Trying to hire...again...

In this economy? Sure.

I'm doing craigslist again (see here or here) but I'm also trying out now the Joel on Software jobs board (see our ad here)

For what it's worth, I posted the CL ad yesterday and it took over an hour for the first person who didn't read the ad to spam me.

I have to admit to reading the CL gigs sections occasionally to try to find new clients, but I don't wildly spam every posting on the board. It's a little insane.

September 4, 2008

First few impressions of Google Chrome

Following the maddening crowds, I downloaded Google Chrome and installed it on my Windows machine.
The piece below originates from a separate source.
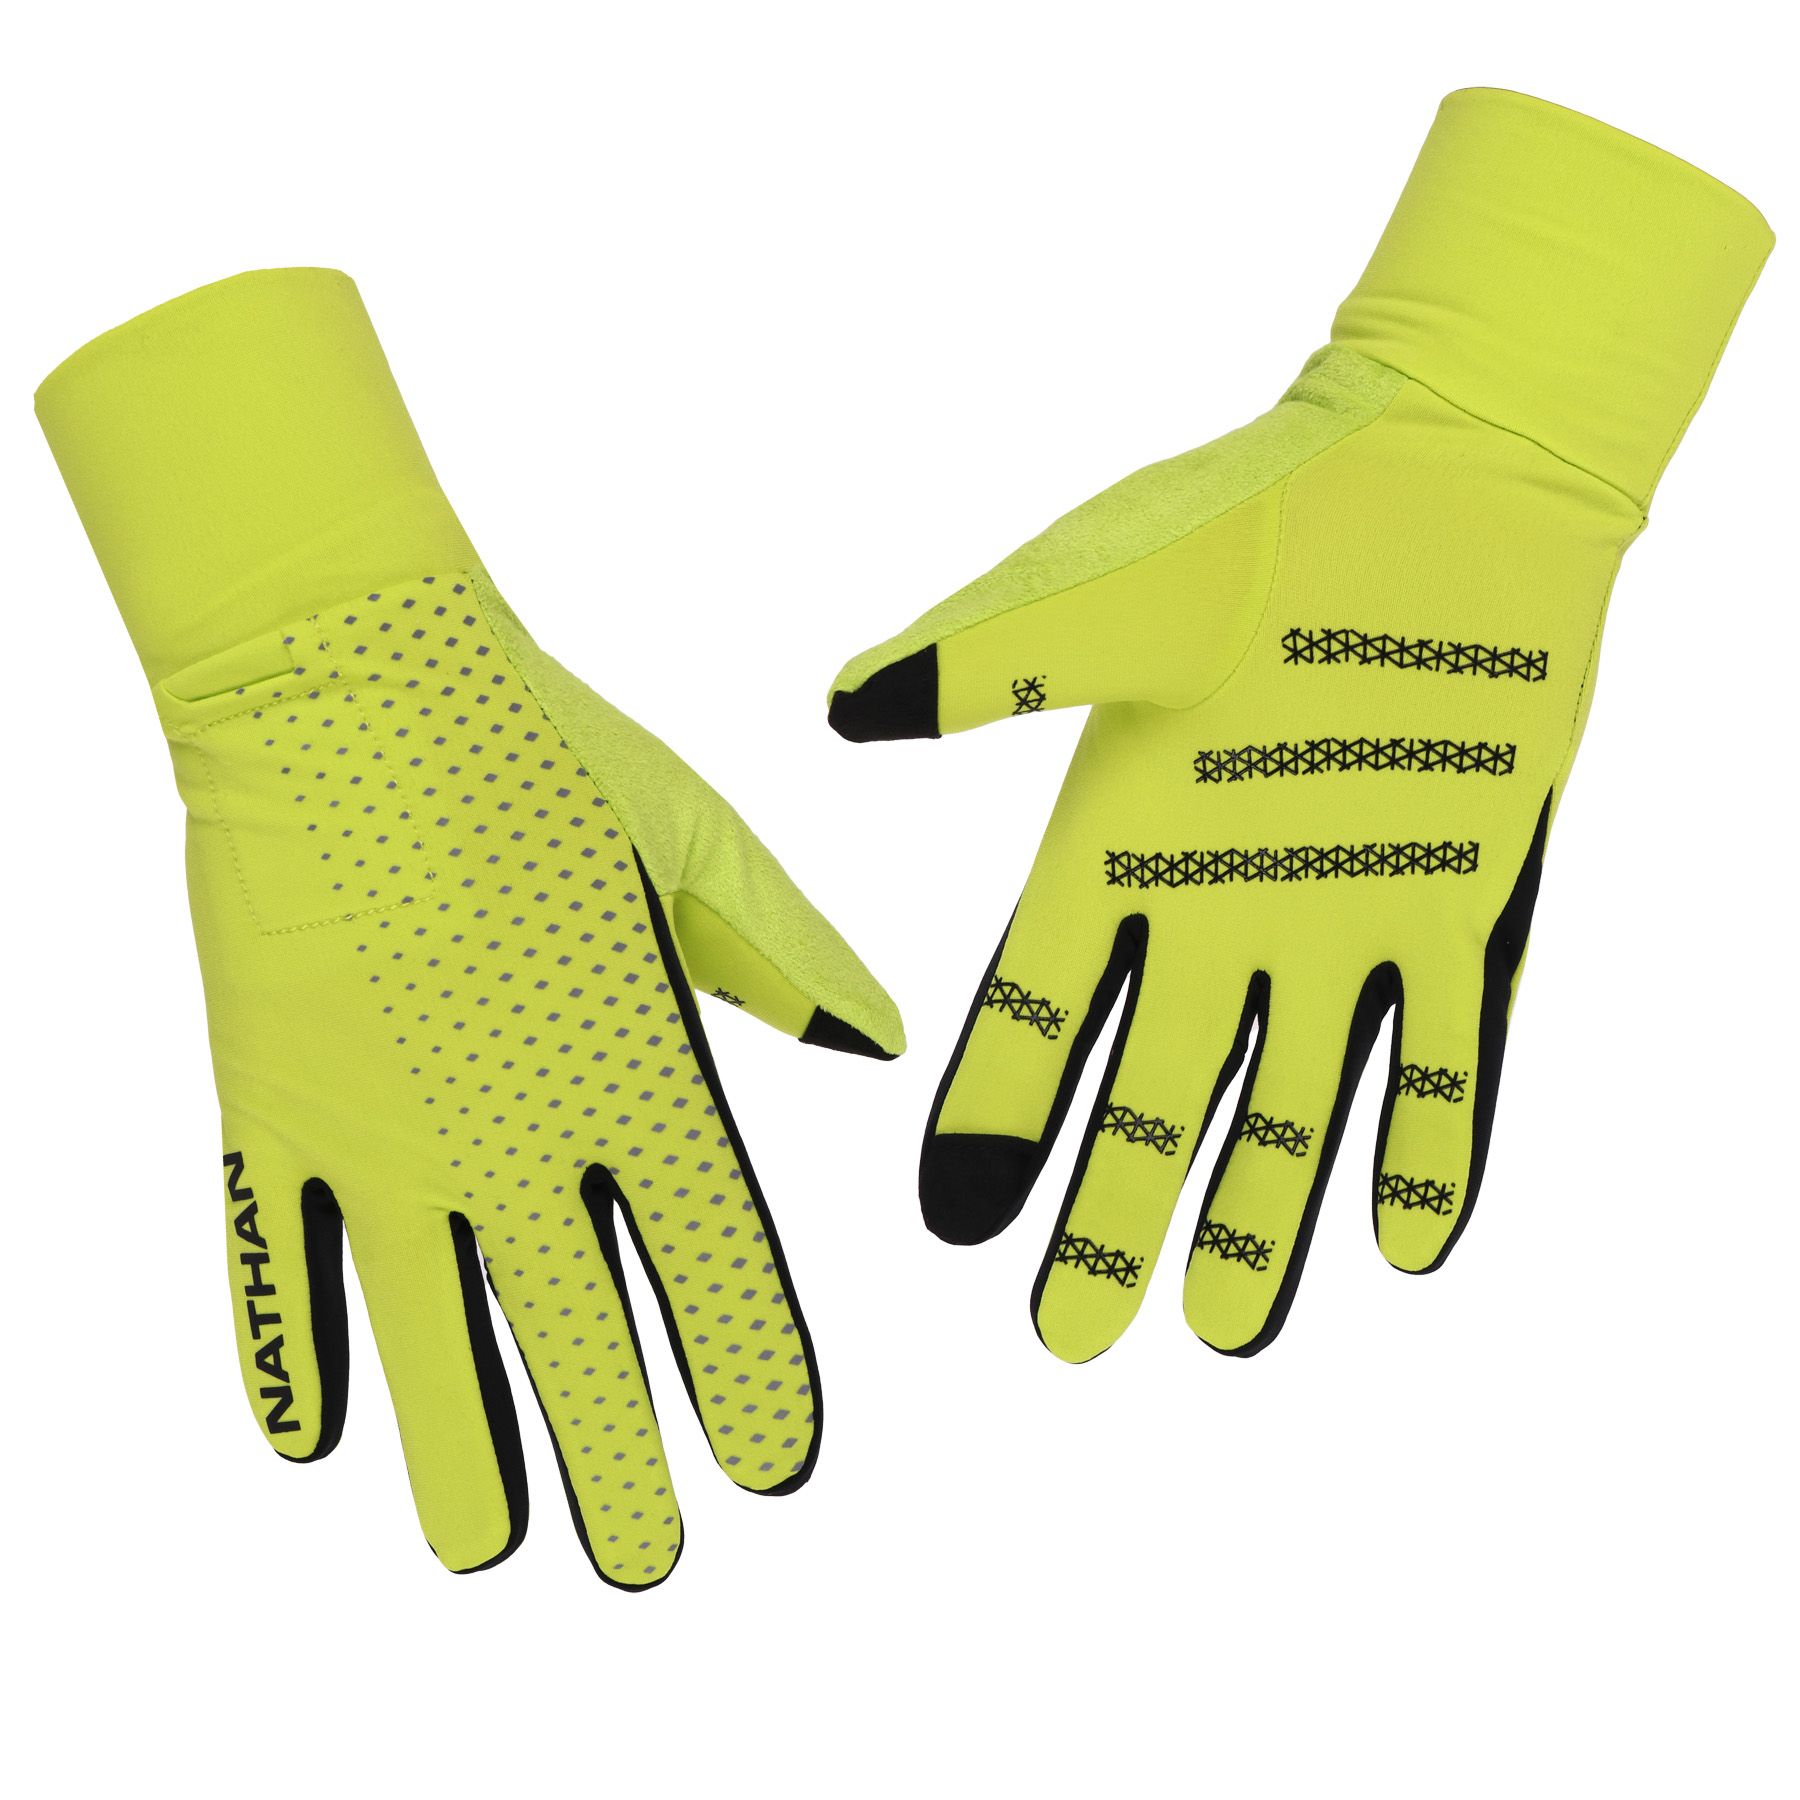 Produktbild von Nathan Sports Hypernight Reflective Handschuh - Hi Vis Yellow/Geo Print

My first impressions are:
  1. Javascript-heavy sites like Facebook, Jango, LinkedIn and Gmail itself feel much faster, whether they actually are is somehow irrelevant...I've not done any real testing of pageloading or rendering speed versus Firefox 3 (my default browser); my observations are totally subjective.
  2. Ack! Where did all these advertisements come from? After having been spoiled by Adblock in Firefox, browsing sites in Chrome seems to be so ... much noisier.
  3. The menu-barless top is something to get used to; Mac users have had it forever (MacOS has always had the menu bar pinned to the top of the screen), but for X-windows and Windows users, it's a new and somewhat disorienting feeling.
  4. The "incognito" window is an interesting feature-let that should definitely be stolen by Firefox, while it doesn't prevent being spied upon by corporate firewalls or proxy servers, it does at least provide a way to prevent having things saved on your system that you might not want to find later. (Of course, no system is perfect, but at least this provides the thinnest veneer of deniability...)
  5. Otherwise the look-and-feel isn't significantly different than the tabbed browsing in FF3, with the exception that there's no longer a "home page" (or set of pages) any more, just a thumbnail of your most recented sites.
I'm not a GoogleDocs user, so I'm not really the target audience for Chrome, but it's got that new-car smell and go-faster stripes that make the JS-heavy sites that are so prevalent and growing in complexity and pervasiveness. (There are still quite a number of non-JS-heavy plain-HTML sites out there--this blog being one of them--so there's some time for every other browser to keep up.)